I close the discussion of stack canaries by a talk on symmetric multi processor (SMP) systems. As you may know on these systems several processors are executing instructions concurrently. This feature opens a new exploitation vector for us. Consider your target is a process that has multiple threads and these threads are scheduled to run each on one of the CPUs. In this situation if you manage to cause a large overflow that exceeds the current page and overwrites the next page you may have a chance to execute an arbitrary command. Here the next page may contain bytes that are being executed by another process so you may have a chance to get your shellcode executed before the first thread triggers the canary overwrite fault!
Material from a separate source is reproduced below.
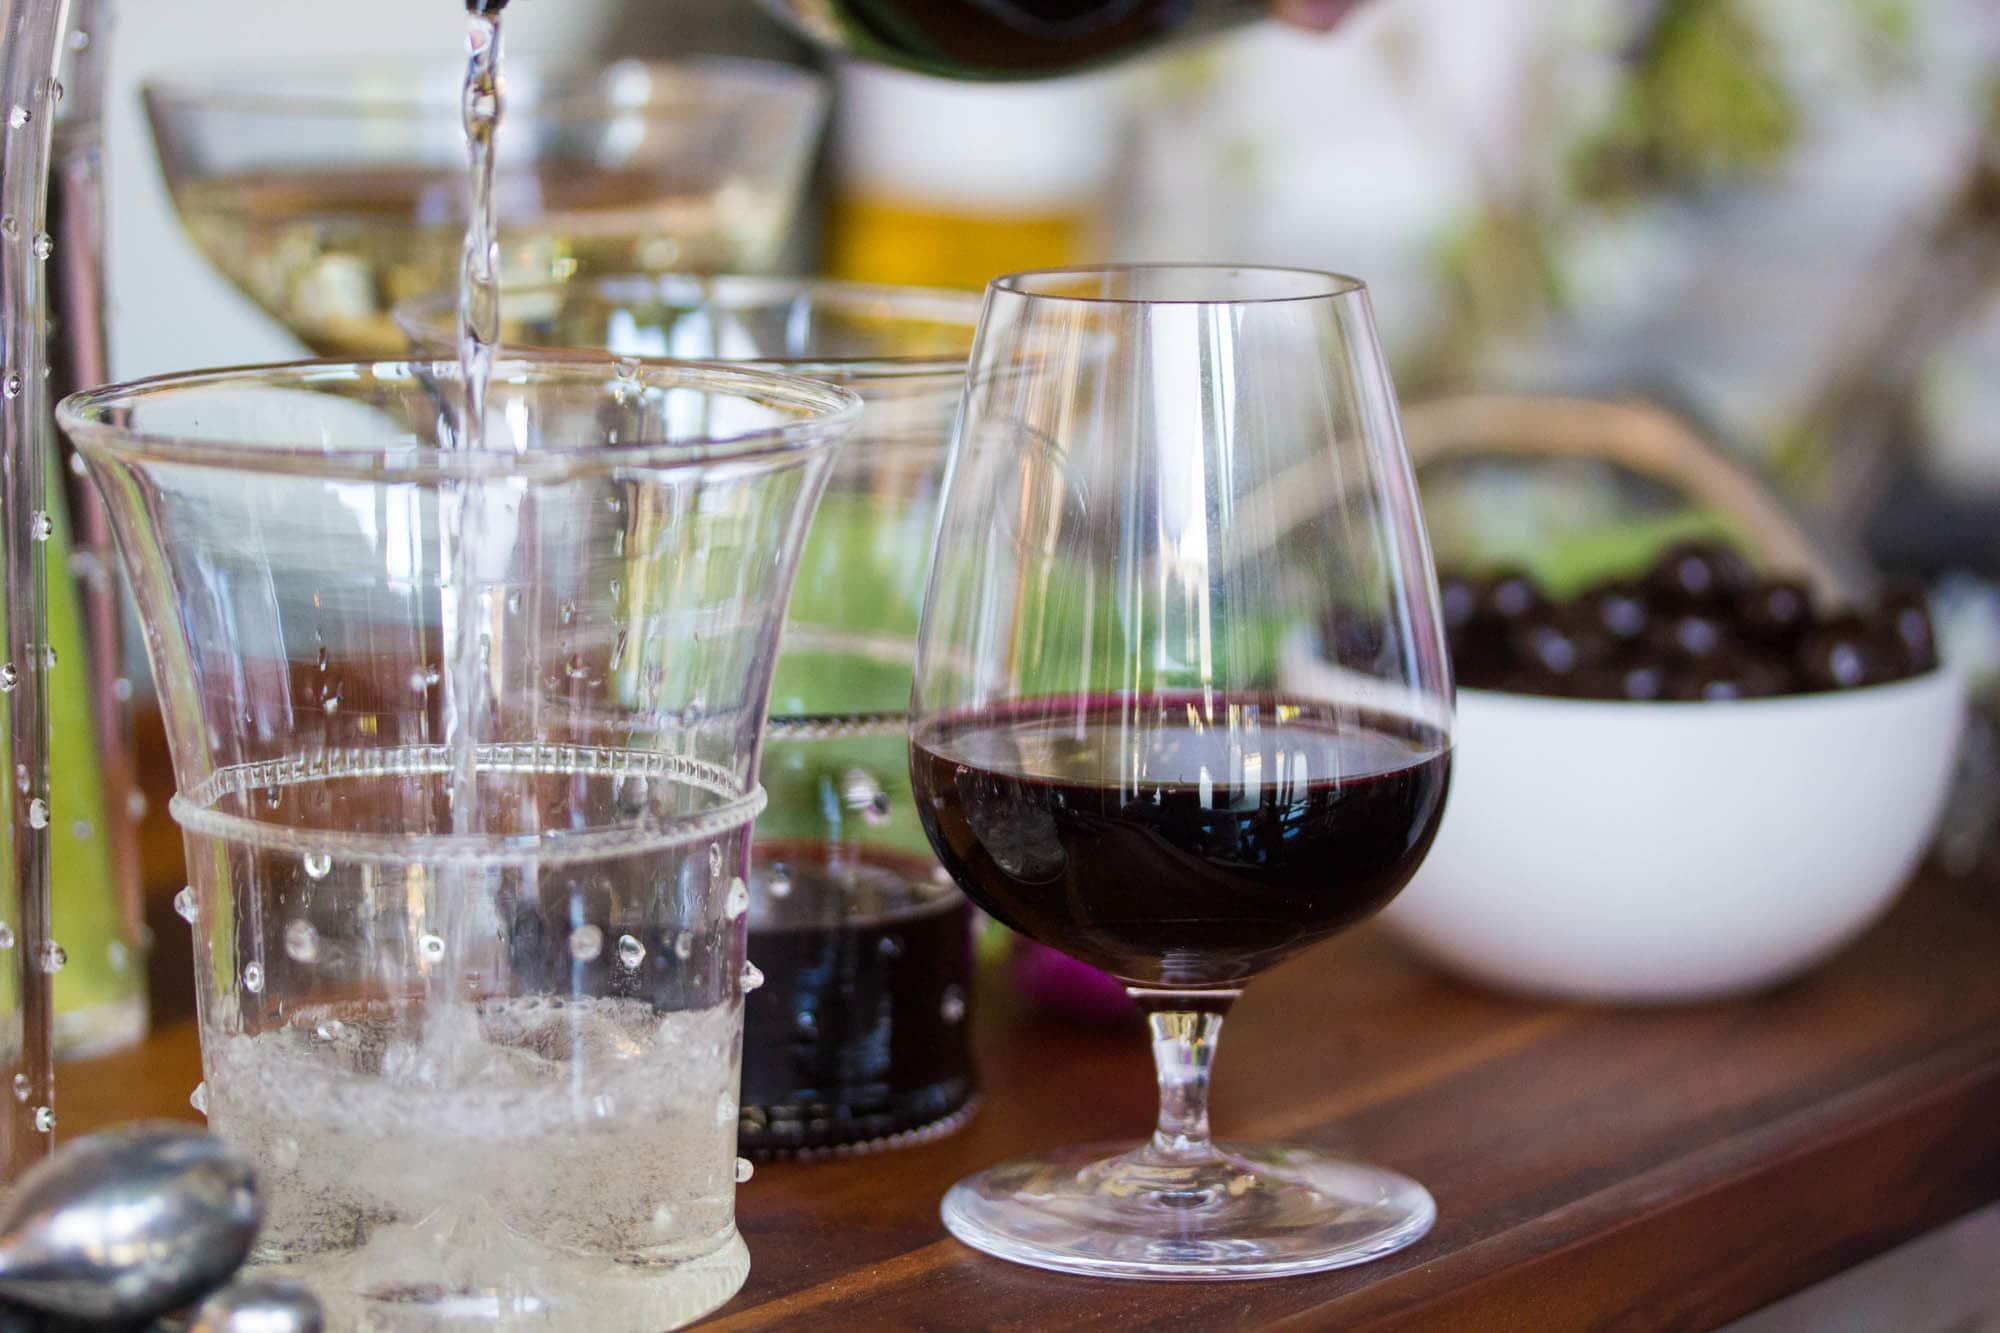 Entertaining Idea: Do-It-Yourself Sweet & Savory Crostini Bar

Bypassing multi layered | defense in depth protections
In a defense in depth strategy a combination of aforementioned protections is at place. Normally you see both ASLR and DEP (Non executable stack) in the current Microsoft, Linux and Mac operating systems although there are still programs that do not support these features. The latest approach to bypass these protections is to use ROP. On x86-64 systems you may also need code borrowing because function parameters are passed in registers on those architectures. If a program is compiled by stack canary option then it really depends on your case. If the buffer overflow can be turned to an index based overflow then you have a chance to overwrite the return address without touching the stack cookie.
Stack overflows are not as common and popular as several years ago. The prevention methods from one side and the protection mechanisms from the other side have made the exploitation of buffer overflows very hard. Now that you’re familiar with the architecture, operating system and compiler barriers in the way of exploitation (and also antidotes) you can secure your software products with open eyes. On the other hand if you’re a hacker or penetration tester you should have learned that hacking is an art and it requires creativity; there may be an easy solution around the corner in your case waiting for your creativity! That being said, buffer overflows are still a threat but do not invest your time more than required finding stack overflows in cases where the bars are too high!